■ RECORDS SUPPLIED:
- - - -

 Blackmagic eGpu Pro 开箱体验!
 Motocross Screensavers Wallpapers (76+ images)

- - - -

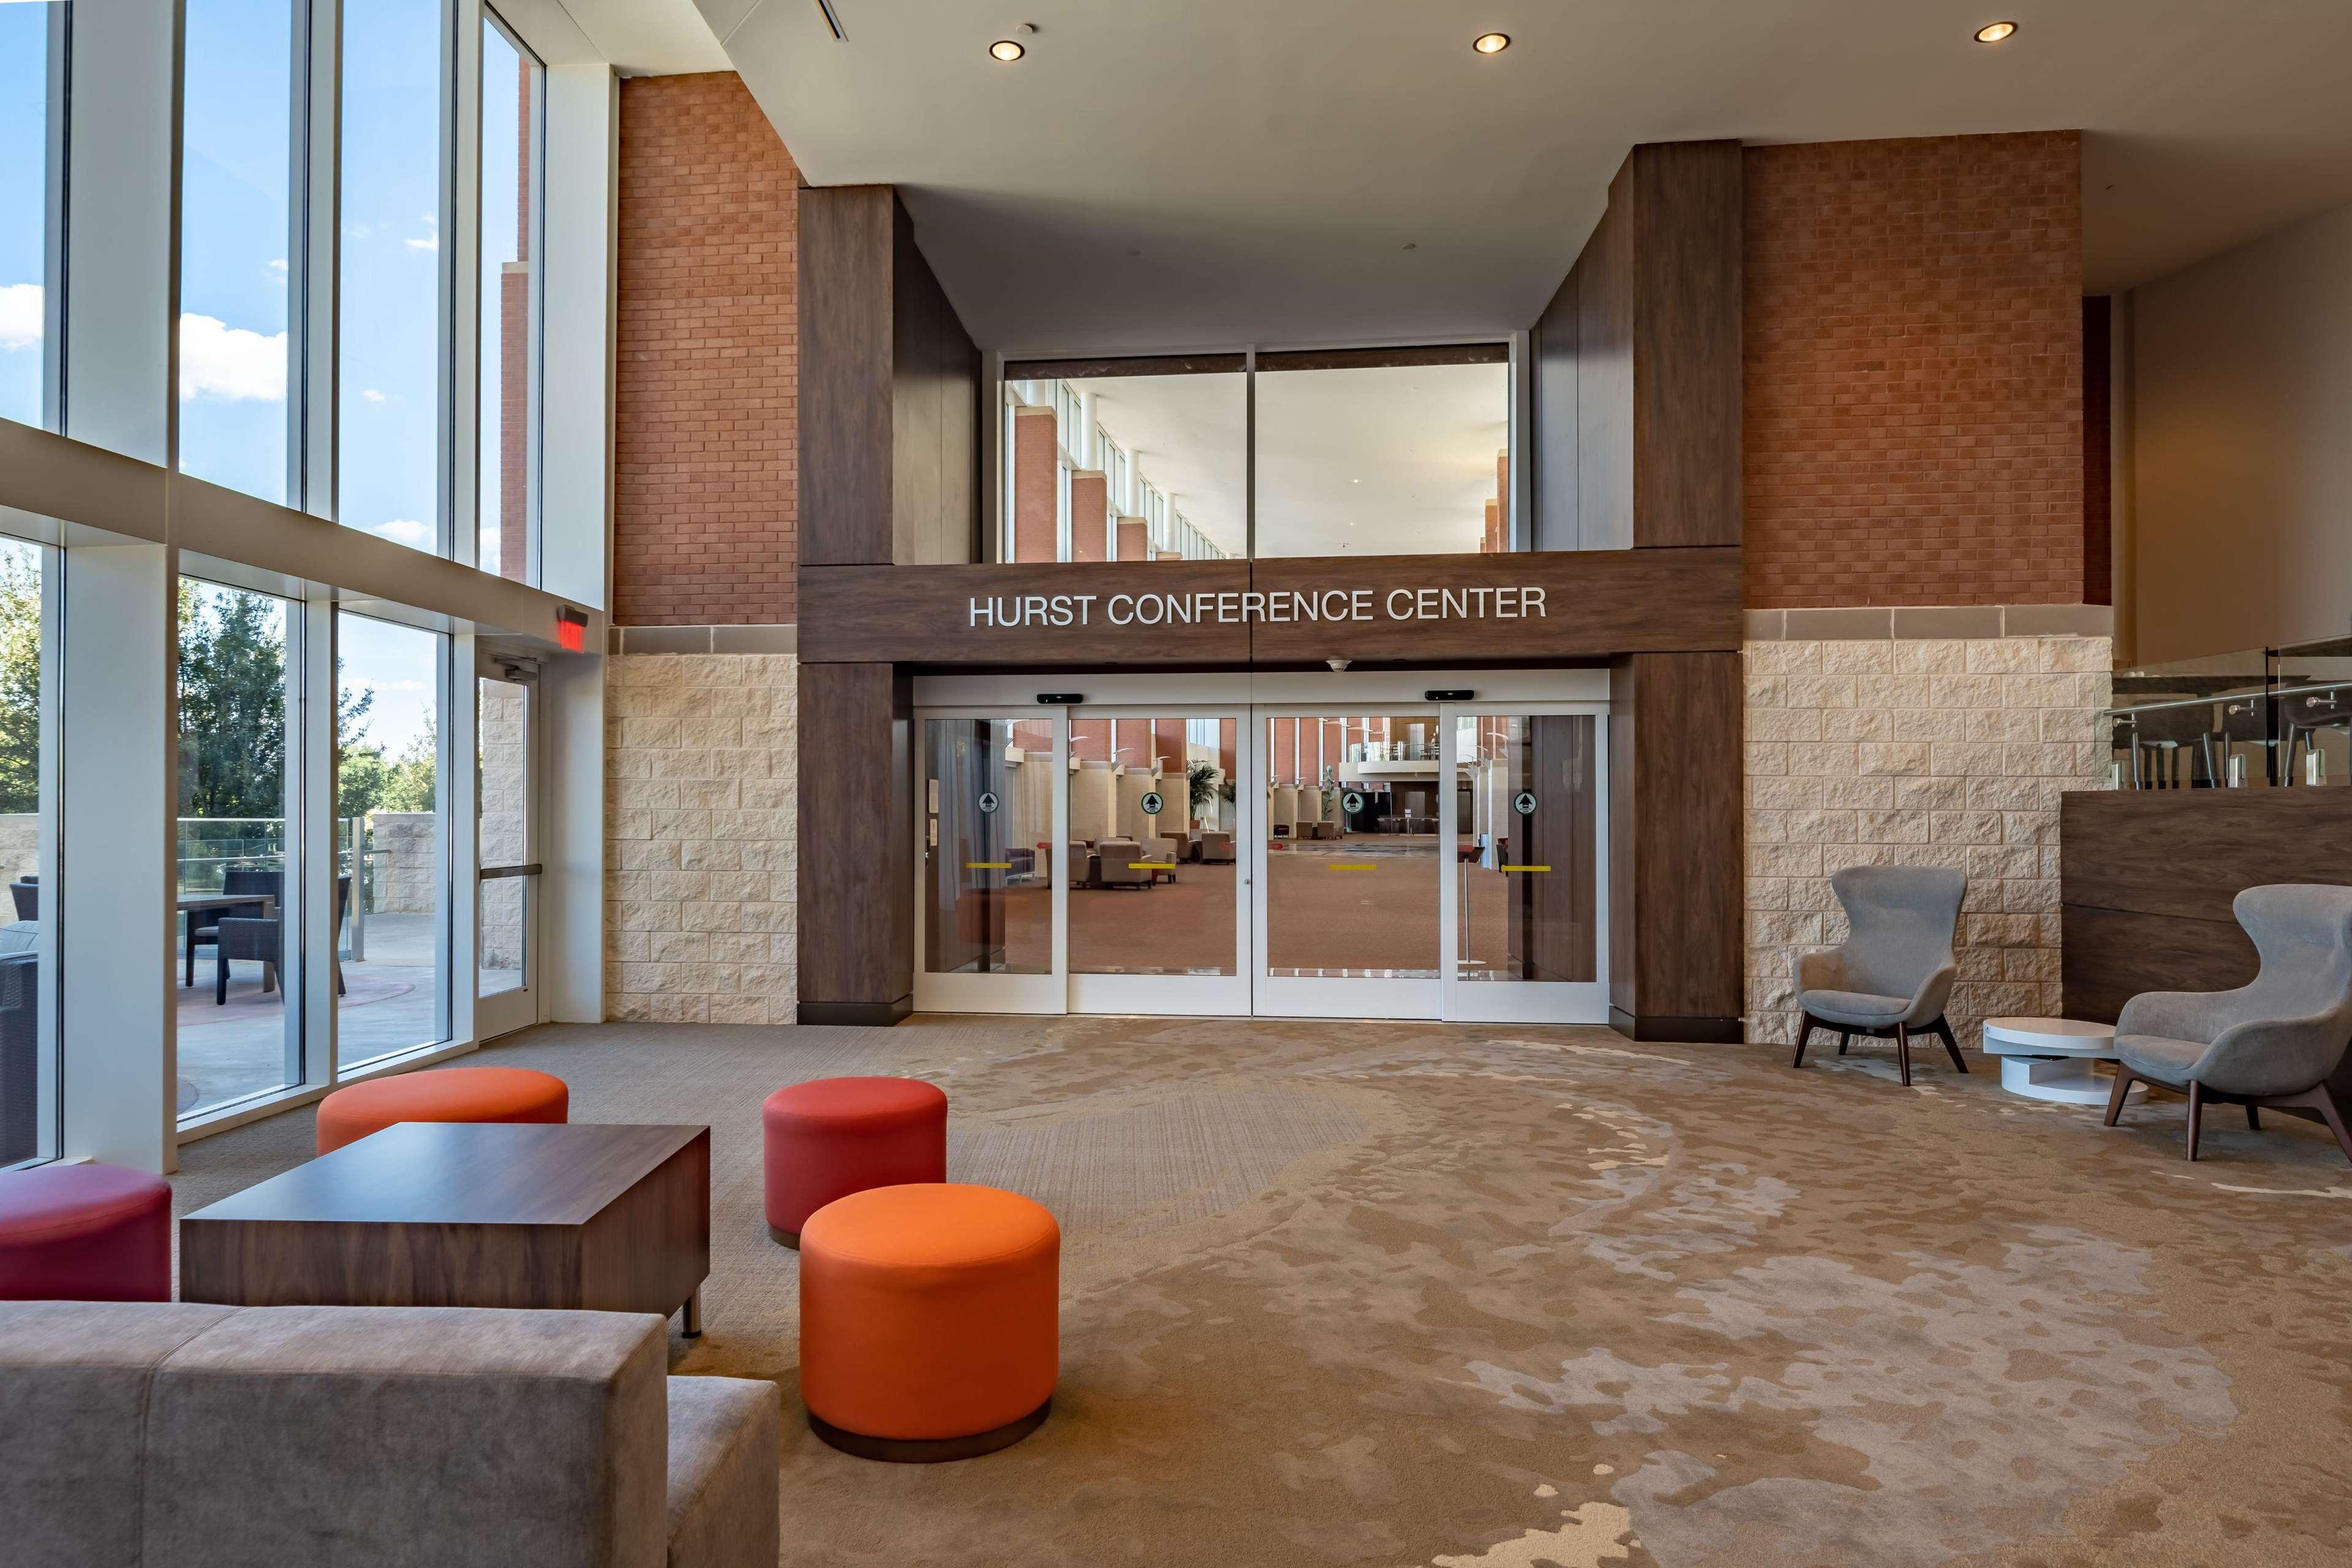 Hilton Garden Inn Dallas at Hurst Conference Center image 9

- - - -

■ WORK TO COMPLETE: In the data above, find the line that contains "Blackmagic eGpu Pro 开箱体验!" and the line that contains "Motocross Screensavers Wallpapers". Repeat exactly those lines and every line between them, and only those.

■ TASK RESPONSE:
 Blackmagic eGpu Pro 开箱体验!
 Motocross Screensavers Wallpapers (76+ images)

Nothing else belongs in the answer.